Ashampoo_Snap_Saturday, December 12, 2020_21h07m18s_001_.png
 

Heracles

Wizard
Joined
Feb 2, 2018
Messages
1,401
I have about a year's worth of snapshots, taken hourly, 5 days a week

So that means 120 snapshots per week, for 52 weeks, for a total of 6,240 snapshots. That is way too many.

I recommend you re-design your snapshot schedule on a multi-generations model. Here, I do :
1 snapshot per 15 minutes, saved for 3 days.
1 snapshot per hour, saved for for 1 week
1 snapshot per day, saved for 4 months
1 snapshot per week, saved for 1 year
1 snapshot per 4 weeks, saved for 4 years.

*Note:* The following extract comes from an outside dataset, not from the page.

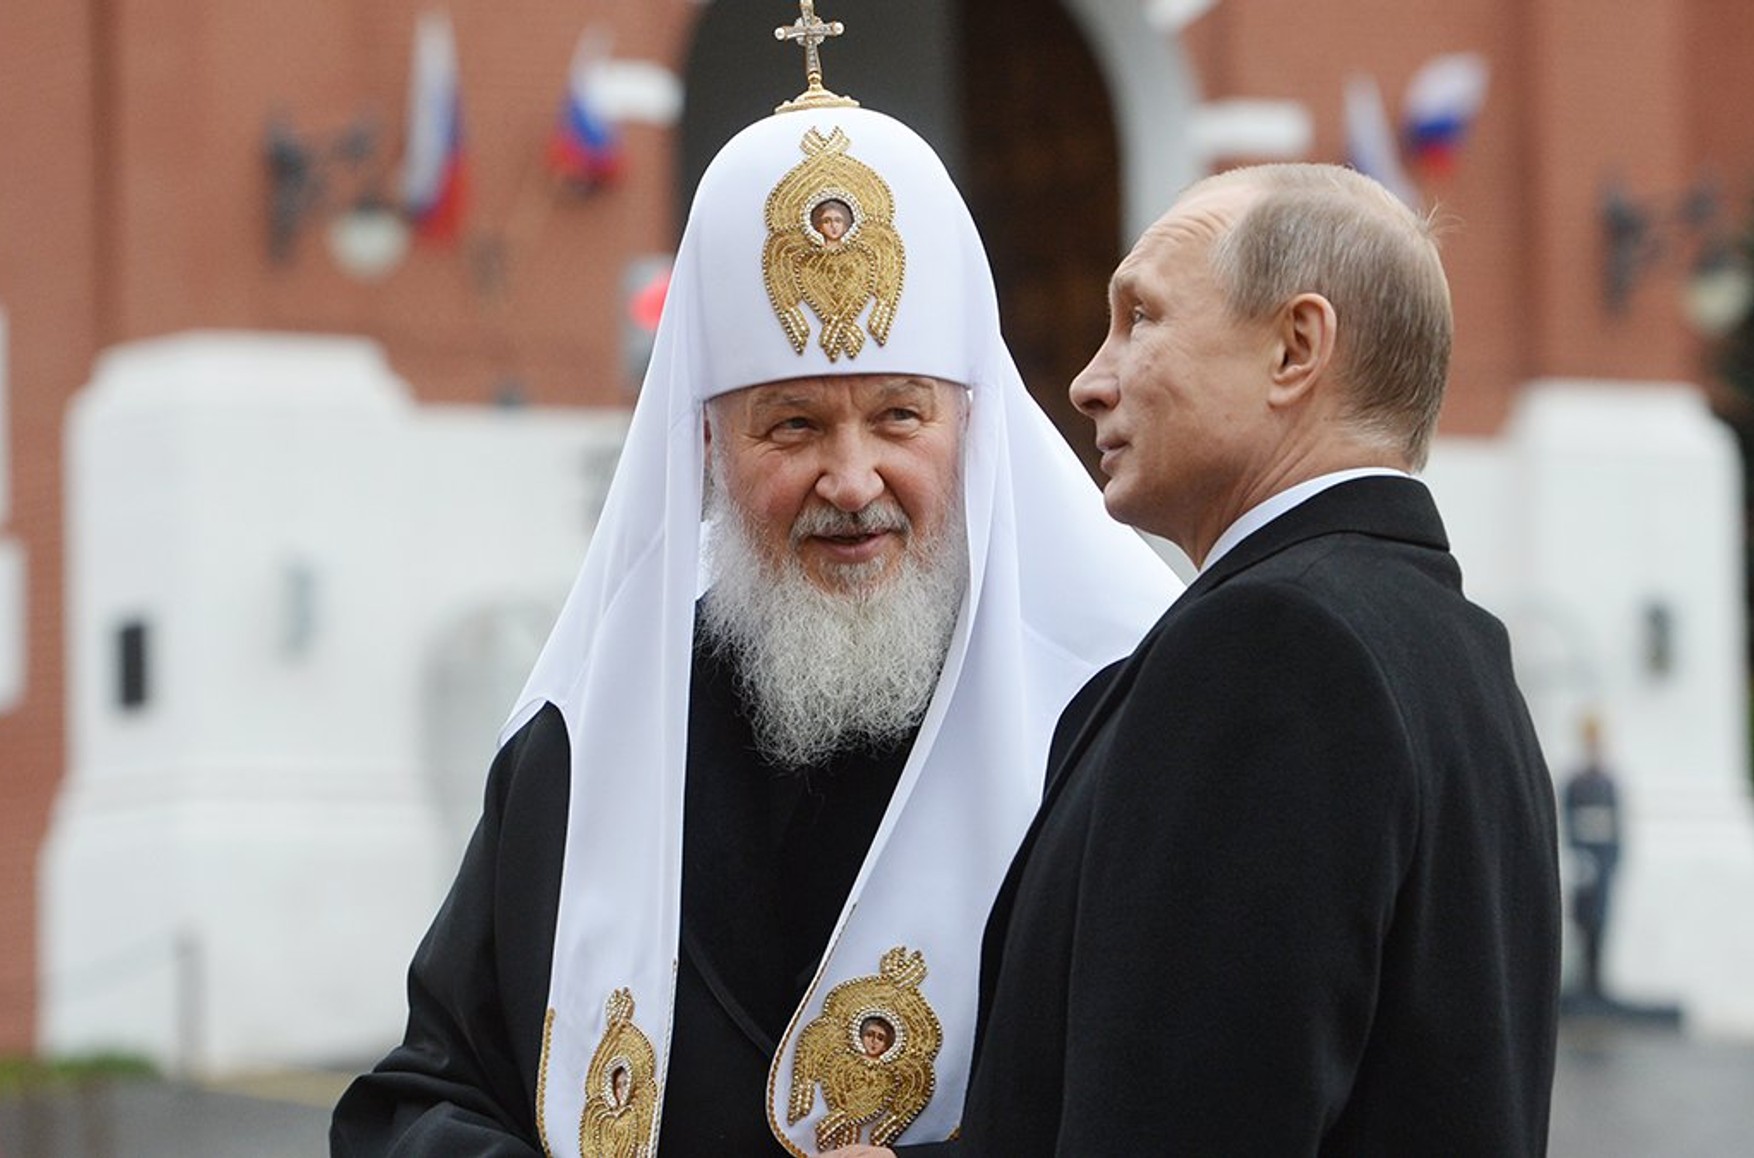 Патриарх Кирилл прокомментировал решение Украинской православной церкви о полной независимости от РПЦ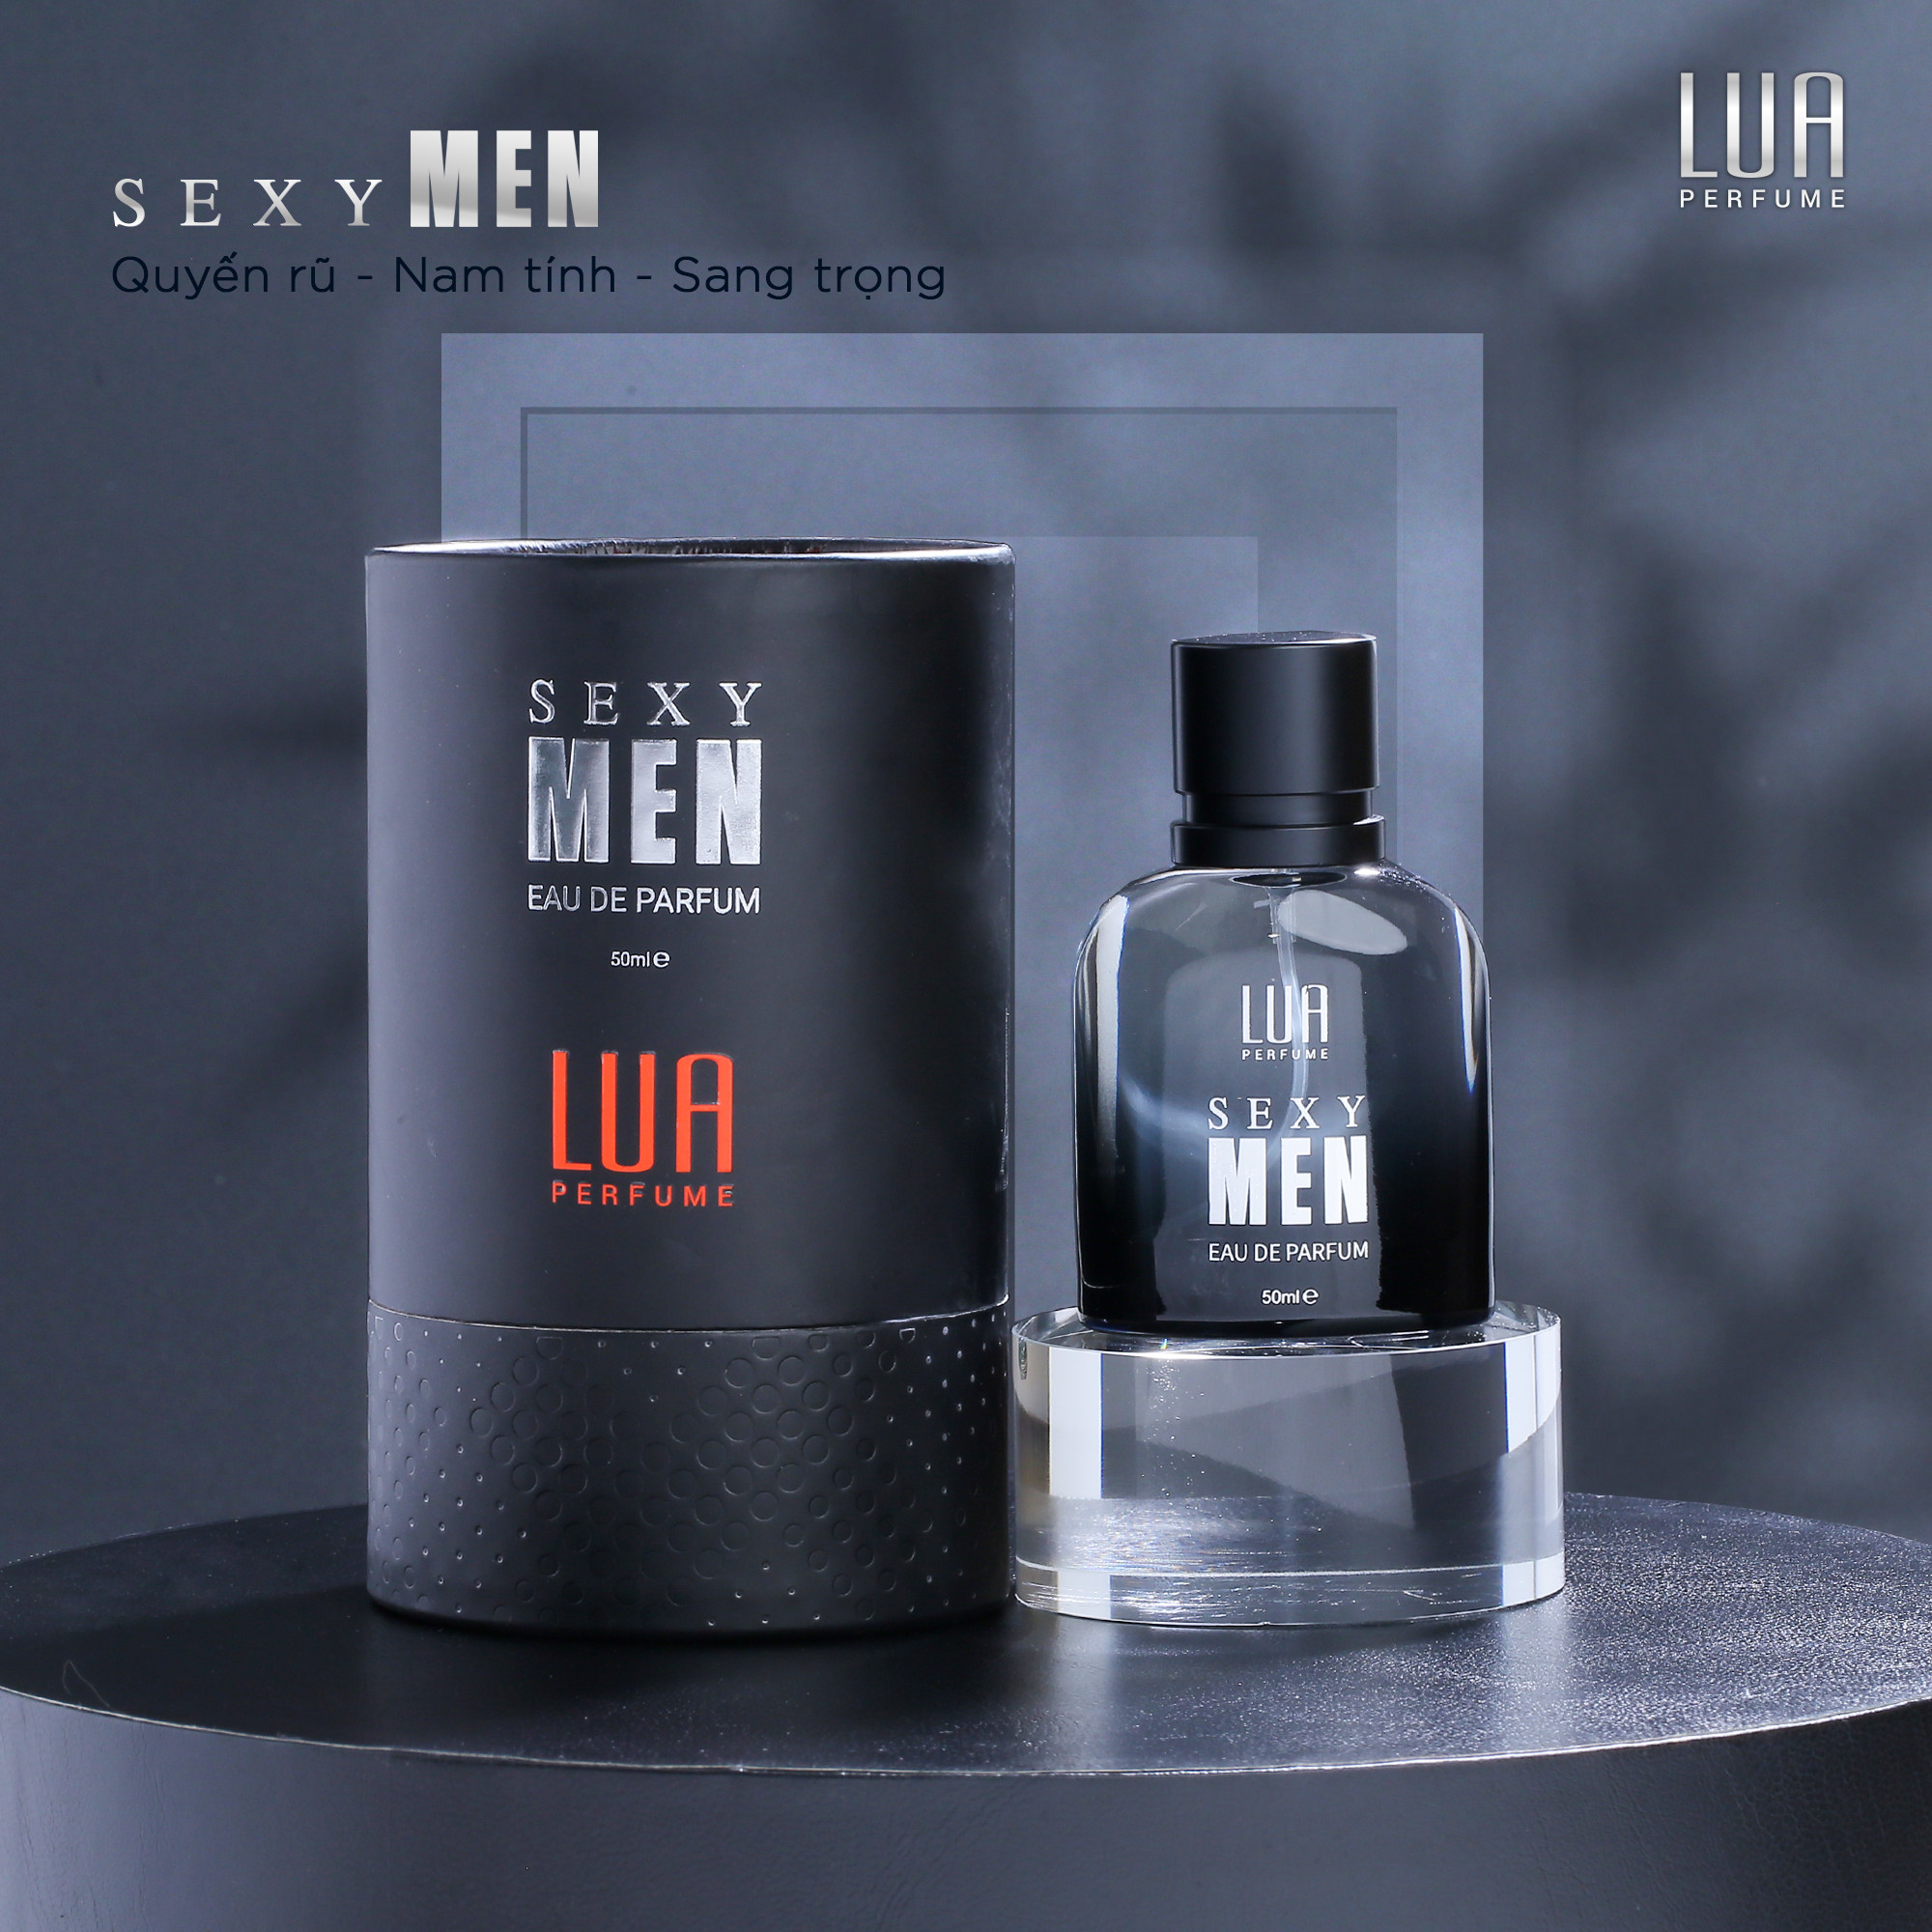 Nước Hoa Nam Sexy Men Phiên Bản Mới 50ml Lua Perfume Chính Hãng - 8936095372277

I also take snapshots only between 5:00 AM and midnight.

That gives me :
204 snapshots (15 minutes)
119 snapshots (1 hour)
122 snapshots (1 day)
52 snapshots (1 year)
52 snapshots (4 years)

Total is 549 snapshots. That model gives me better accuracy on the short term, similar accuracy on mid term and much longer capability, all of that for about 8% of your snapshots.

The fact that you have so many of them may explain why Windows is having that much trouble to scan all of them and end up with random results.

Maybe by letting it scan for ages, it will get there and it will discover all of them ?

Still, I recommend you to re-design that policy to a multi-generation model fitting your needs. You can surely greatly simplify that model...
 

M H

Explorer
Joined
Sep 16, 2013
Messages
98
So that means 120 snapshots per week, for 52 weeks, for a total of 6,240 snapshots. That is way too many.

I recommend you re-design your snapshot schedule on a multi-generations model. Here, I do :
1 snapshot per 15 minutes, saved for 3 days.
1 snapshot per hour, saved for for 1 week
1 snapshot per day, saved for 4 months
1 snapshot per week, saved for 1 year
1 snapshot per 4 weeks, saved for 4 years.

I also take snapshots only between 5:00 AM and midnight.

That gives me :
204 snapshots (15 minutes)
119 snapshots (1 hour)
122 snapshots (1 day)
52 snapshots (1 year)
52 snapshots (4 years)

Total is 549 snapshots. That model gives me better accuracy on the short term, similar accuracy on mid term and much longer capability, all of that for about 8% of your snapshots.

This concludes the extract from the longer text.